At another point, he argued that the challenge to s377A by no means counted as an “exceptional case” that required intervention of the courts. Justice Rajah then noted the irony of arguing for a law to be retained but not proactively enforced. “Doesn’t this make this an unusual case?” he concluded.
What struck me, however, was the fact that these judges appeared to be genuinely lacking in homophobia. There was of course the standard discomfort in all parties whenever the issue of sex in public toilets was brought up. However Justice Phang seemed to actually empathise with Singaporeans gay men, remarking, “We don’t want to be looking over our shoulders at all moments, as citizens. Unless a binding assurance [not to prosecute] can be given… but that can’t be done.”
He challenged the AGC to guarantee that s377A wouldn’t be used in the future – a challenge that the hapless Abdullah was unable to answer. He even pointed out that Parliament might change in composition and renege on their promises.

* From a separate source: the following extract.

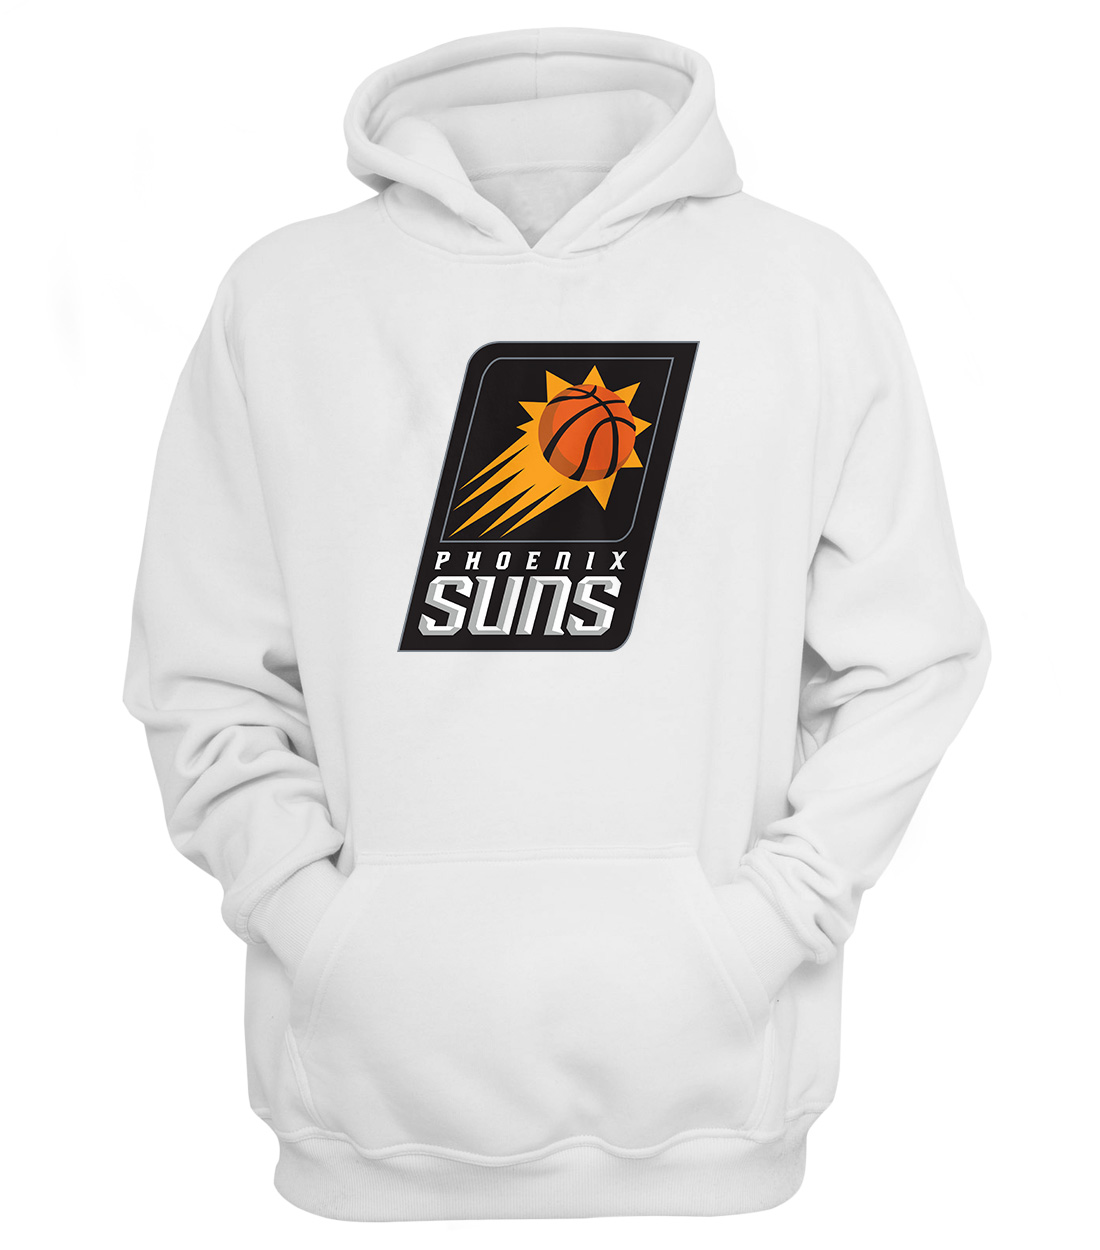 Phoenix Suns Hoodie (HD-WHT-NP-187-NBA-PHO-LOGO)

I’ve cited these specific retorts from the judges so that readers may understand why I’m filled with a sense of premature triumph – as are Ravi, Tan, Indulekshmi and practically everyone who was sitting in the gallery this morning. There may yet be a surprise upset in the verdict, but I’m comforted that Justices Rajah, Phang and Prakash have demonstrated a certain level of mature open-mindedness towards gay Singaporeans.
There are, of course, are many hurdles still to cross. If Ravi wins this case, he’ll have to bring up the issue of constitutionality in the High Court. There, it’ll face mighty odds, for in the history of Singapore there has never been a law struck down as unconstitutional.
But for now, we’ll have to count the weeks till the judges make their decision. Dare we hope for the best? Yes, we do. It’s the only way progress happens.